*Problem to solve:* The material below holds pictures, which are to be left out; copy exactly the lines from the one with "B & K Bookkeeping Services" through the one with "With enough courage, you".

Segment Start: Provided entries

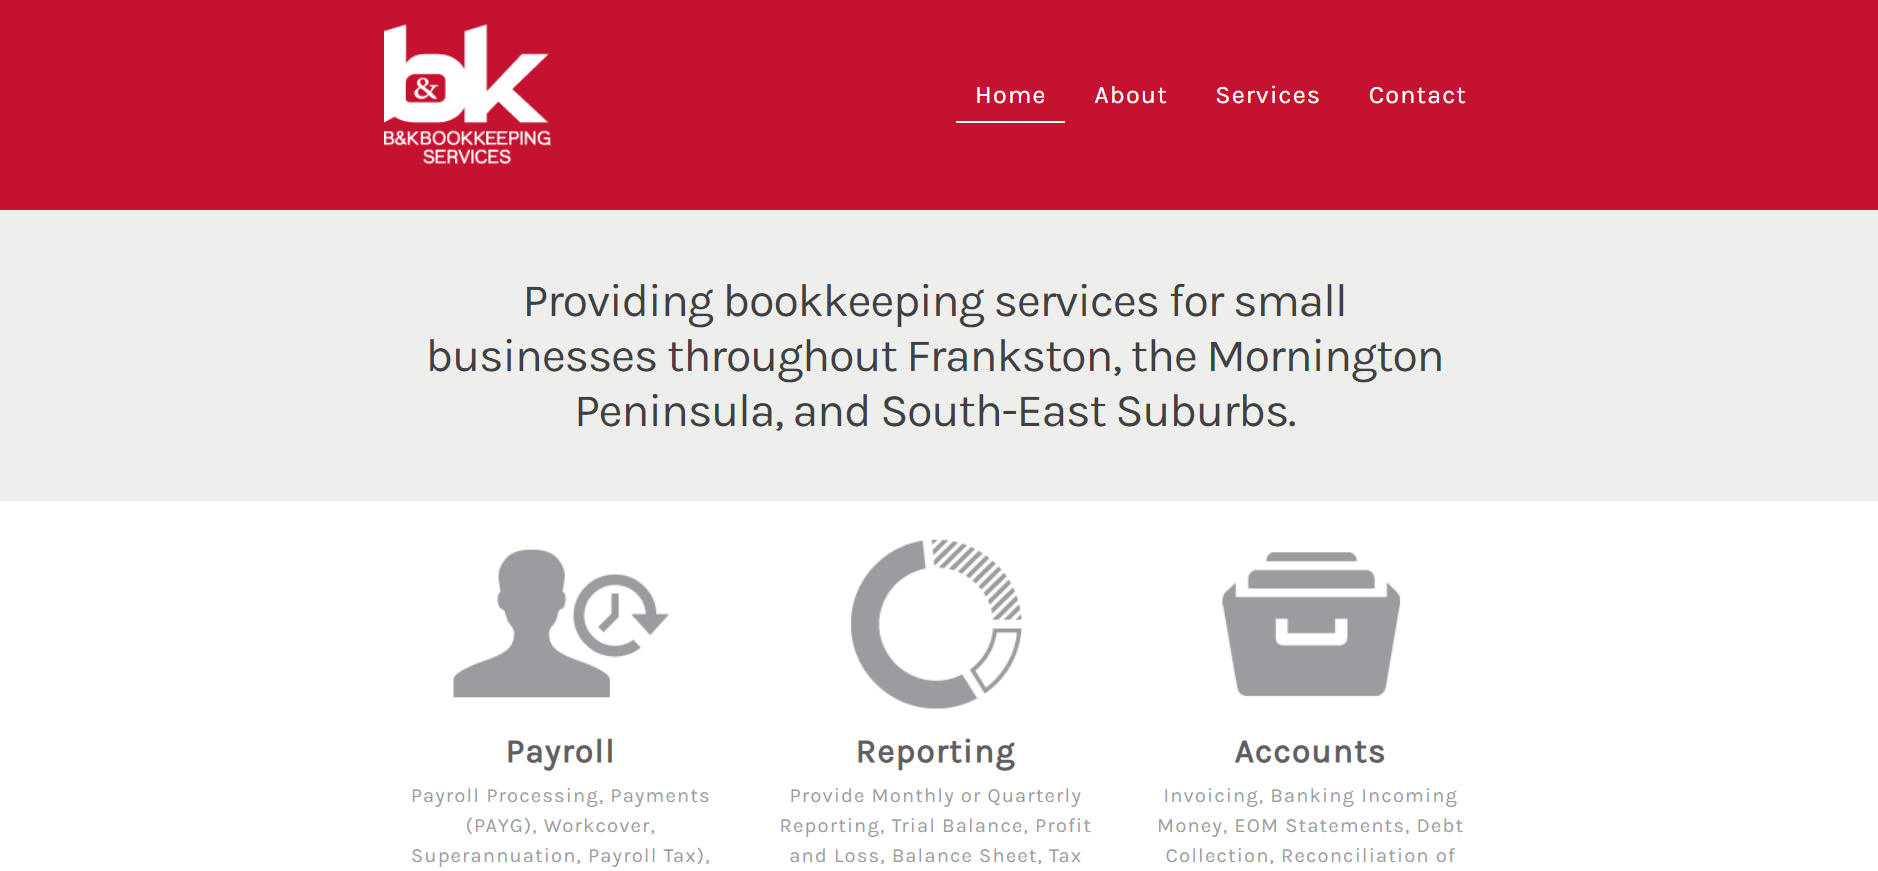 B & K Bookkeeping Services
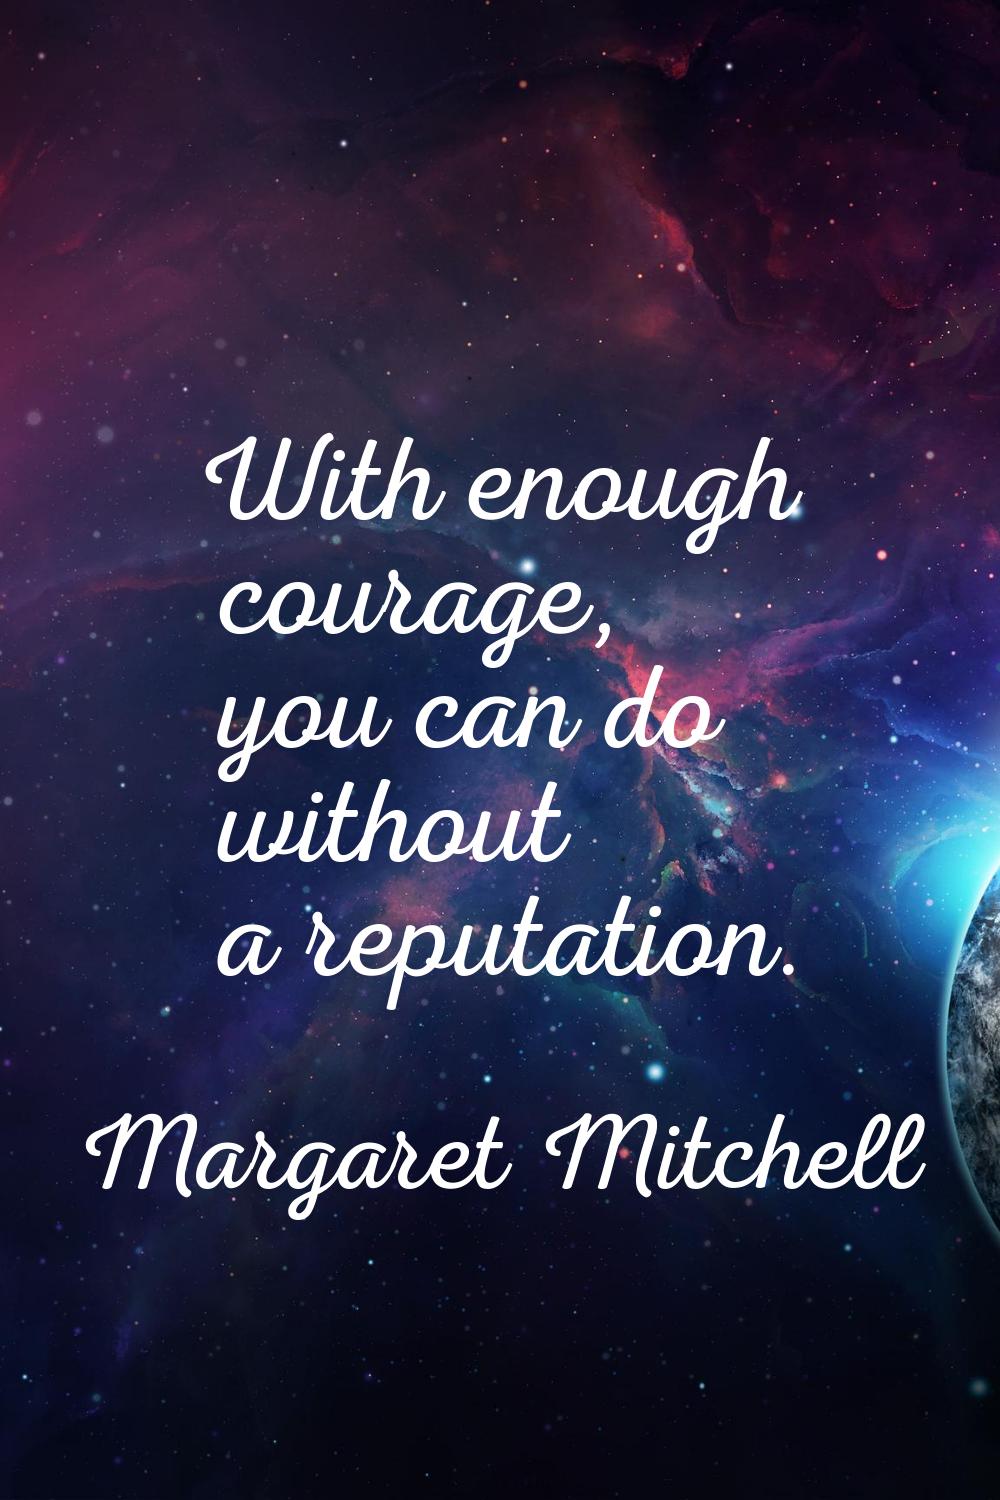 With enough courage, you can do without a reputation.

Segment End: Provided entries
Segment Start: Provided entries

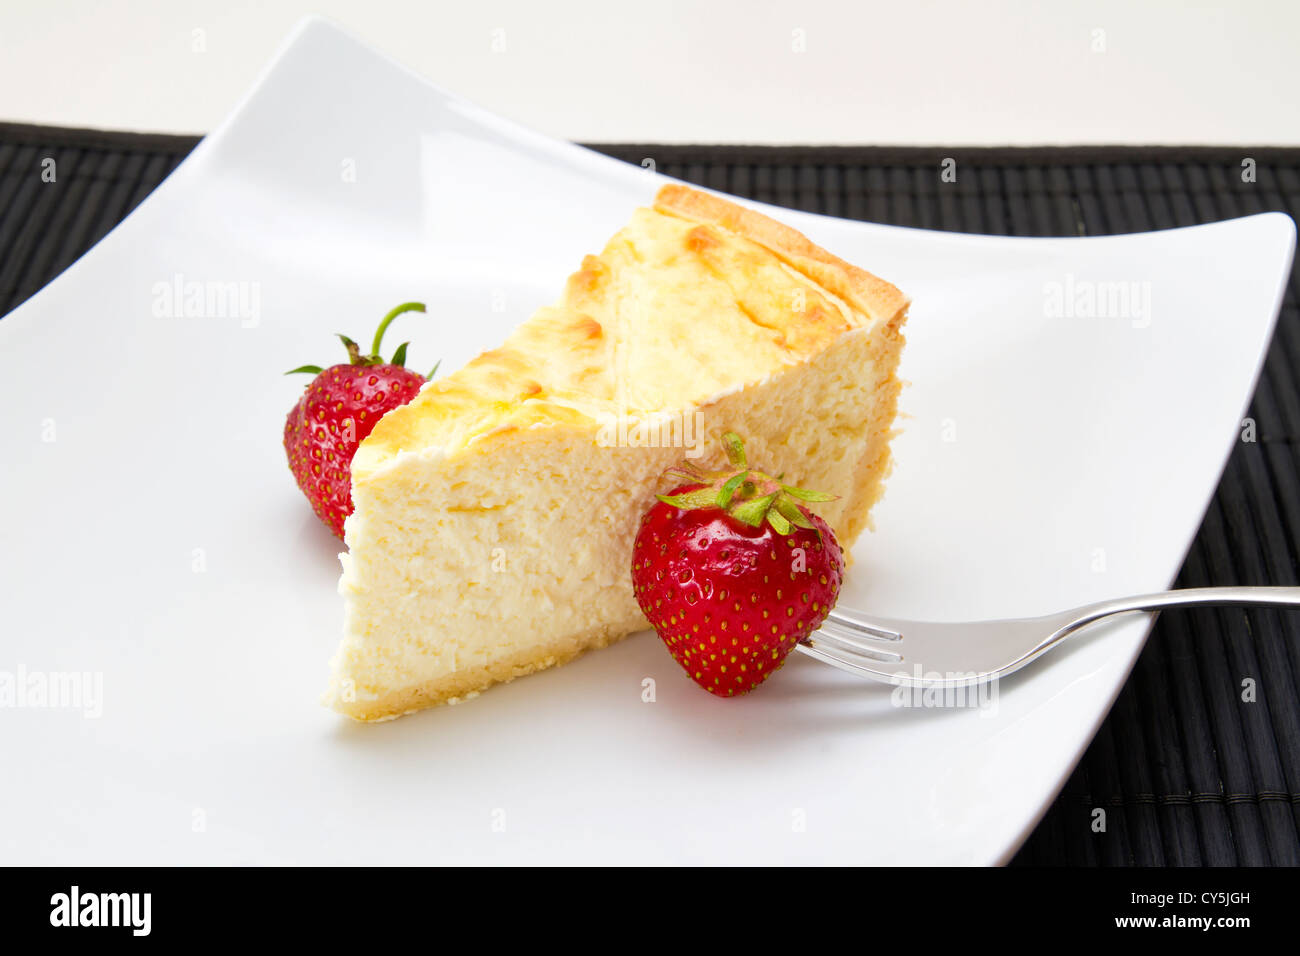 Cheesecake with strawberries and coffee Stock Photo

Segment End: Provided entries

*Solution:*
 B & K Bookkeeping Services
 With enough courage, you can do without a reputation.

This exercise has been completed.